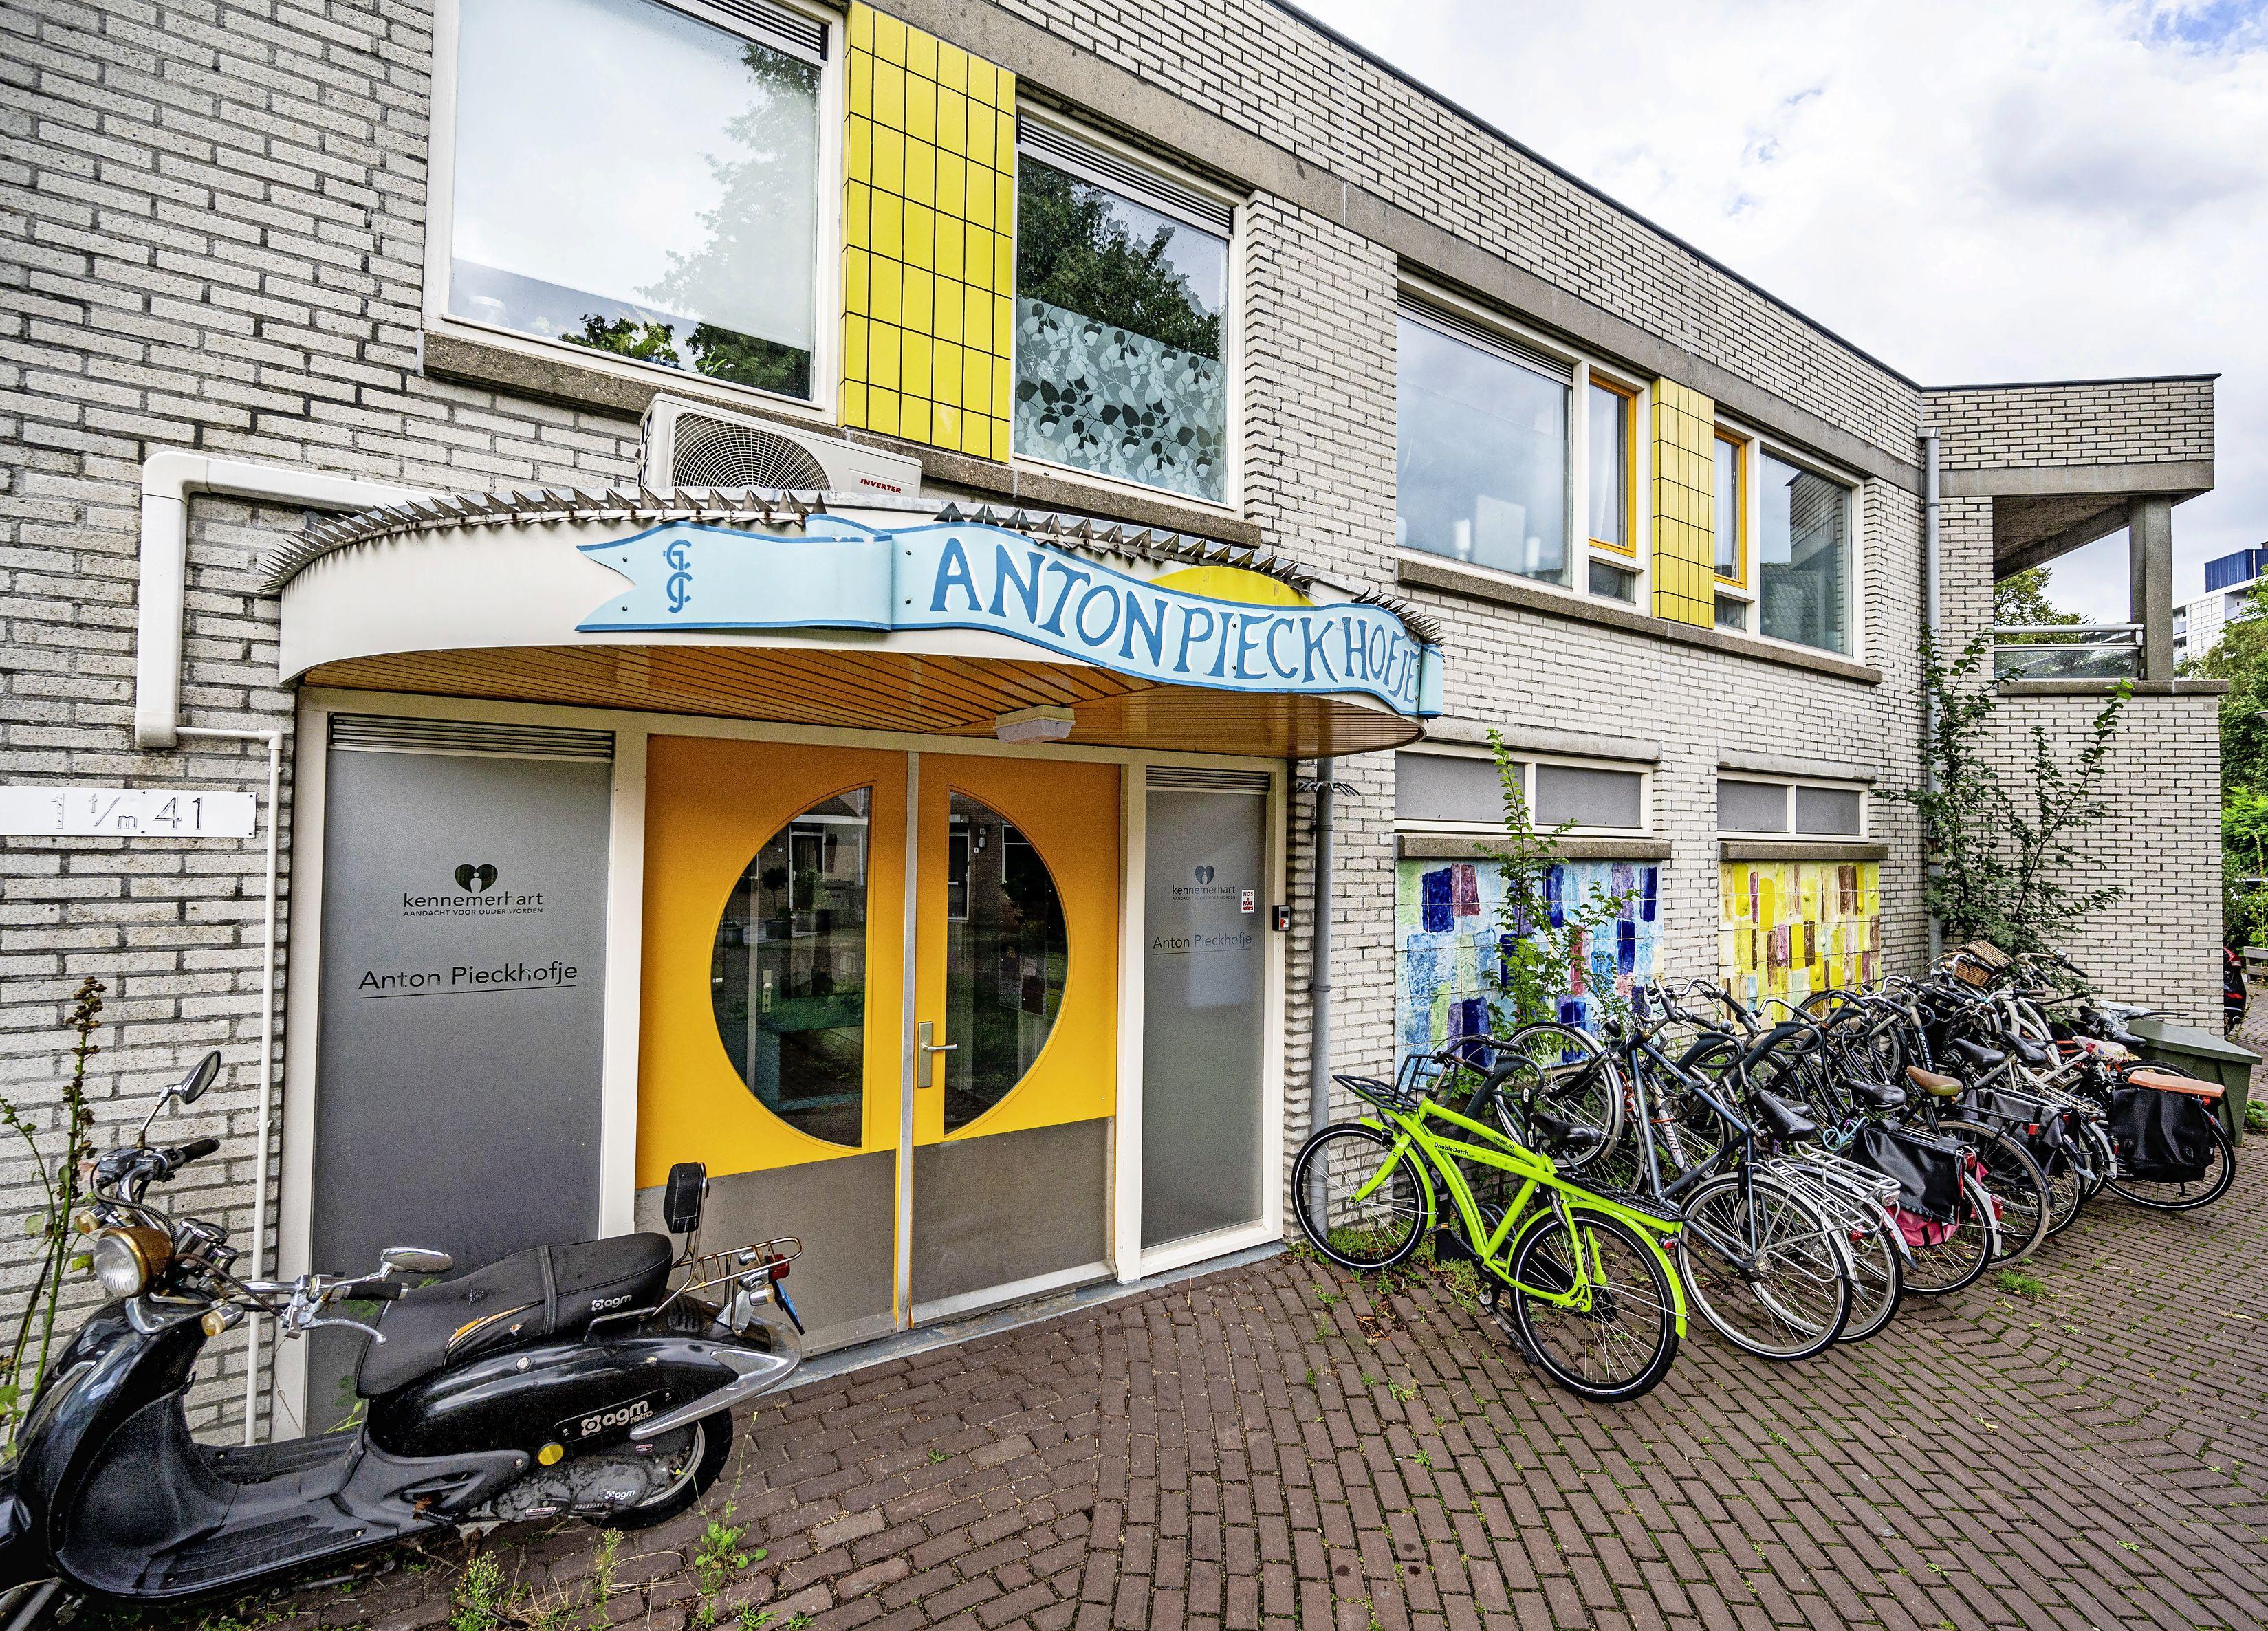 In de leegstaande appartementen van het Anton Pieckhofje in Schalkwijk komen vanaf zondag daklozen te wonen, ondanks bezwaren van omwonenden
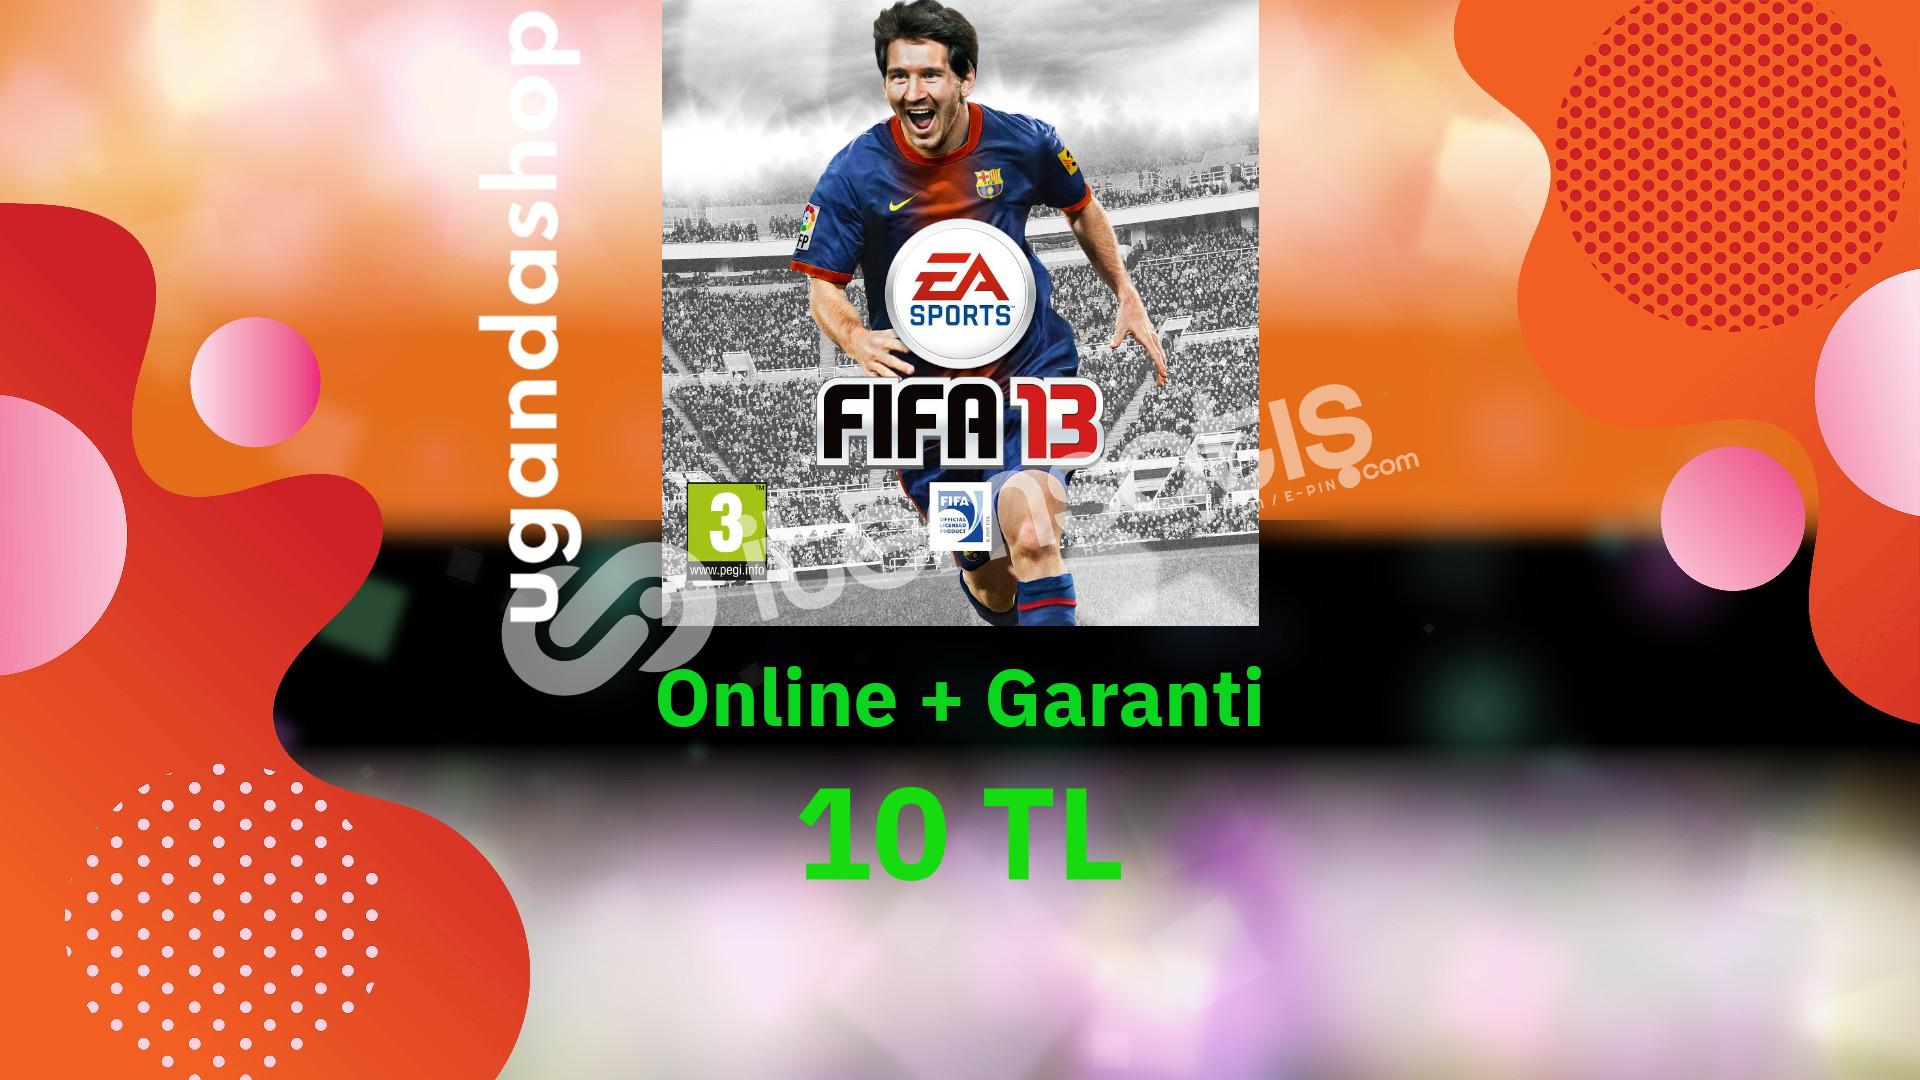 FIFA 13 Online Origin Hesap + Garanti
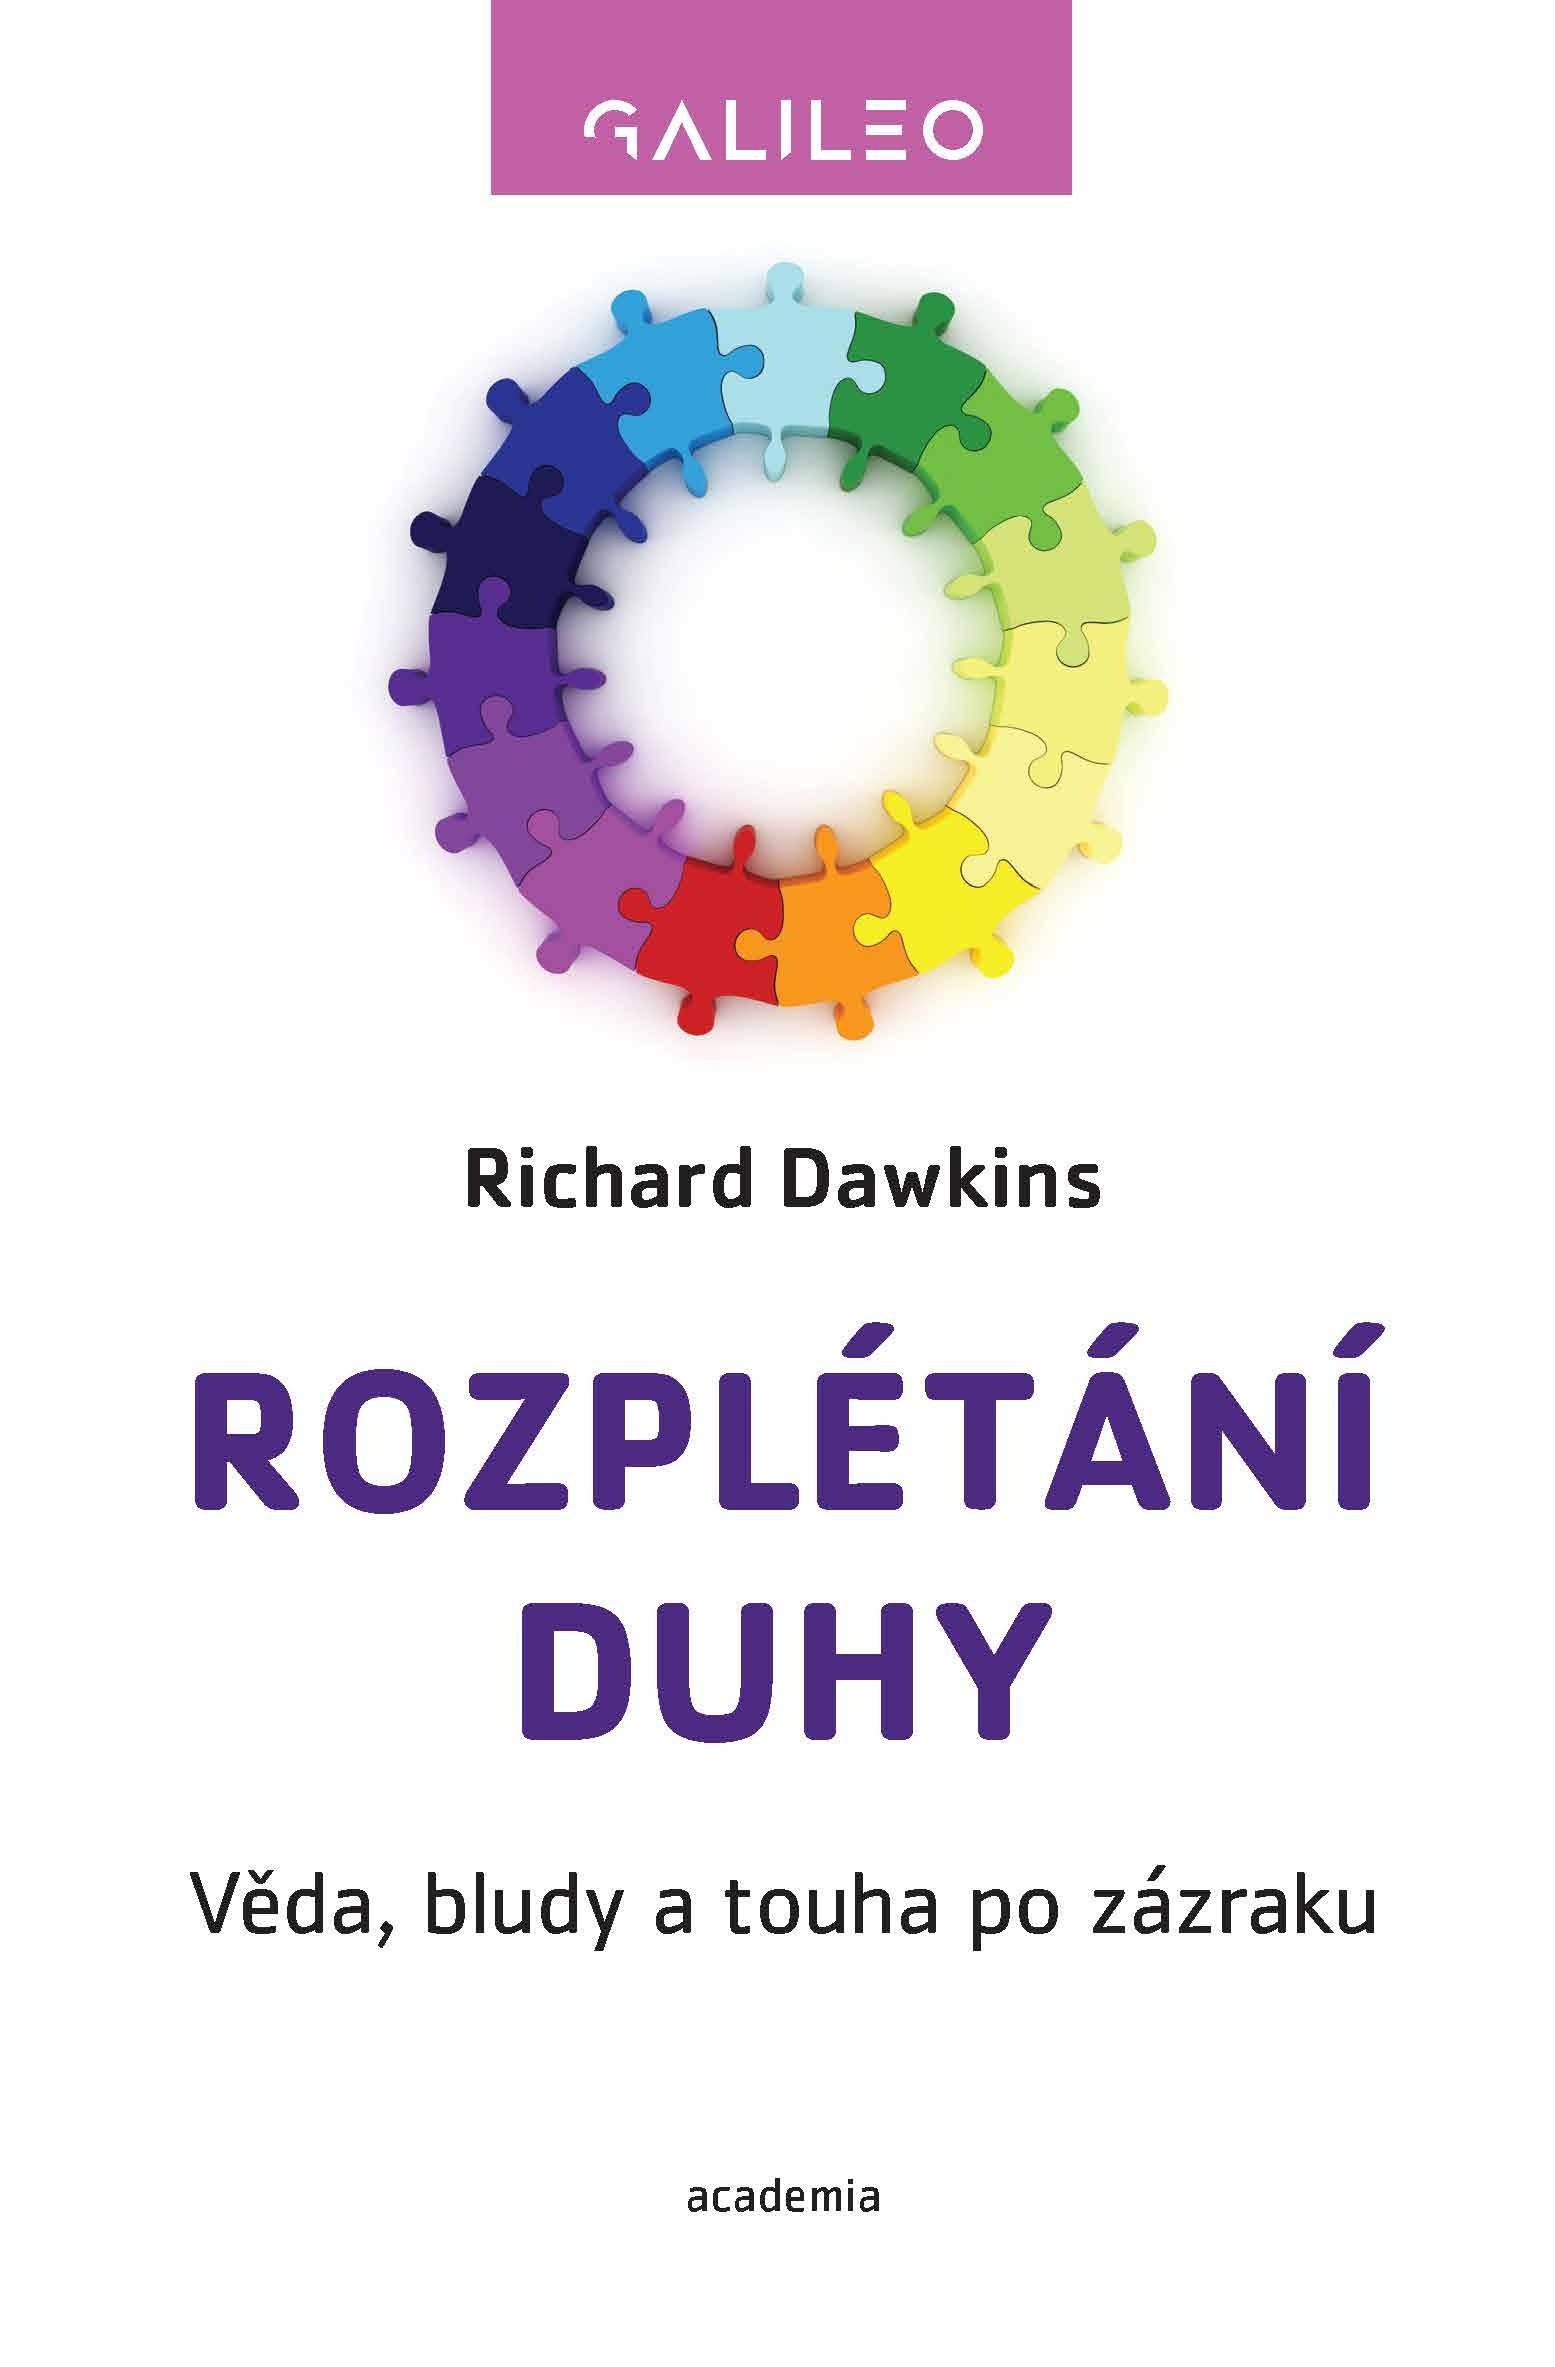 richard dawkins rozplétání duhy

◆ ◆ ◆ ◆ ◆

## The task
Extract the lines beginning with the one that contains "FIFA 13 Online Origin Hesap + Garanti" and ending with the last line of the listing. Keep them exact and drop the pictures.

## Response for this exercise
 FIFA 13 Online Origin Hesap + Garanti
 richard dawkins rozplétání duhy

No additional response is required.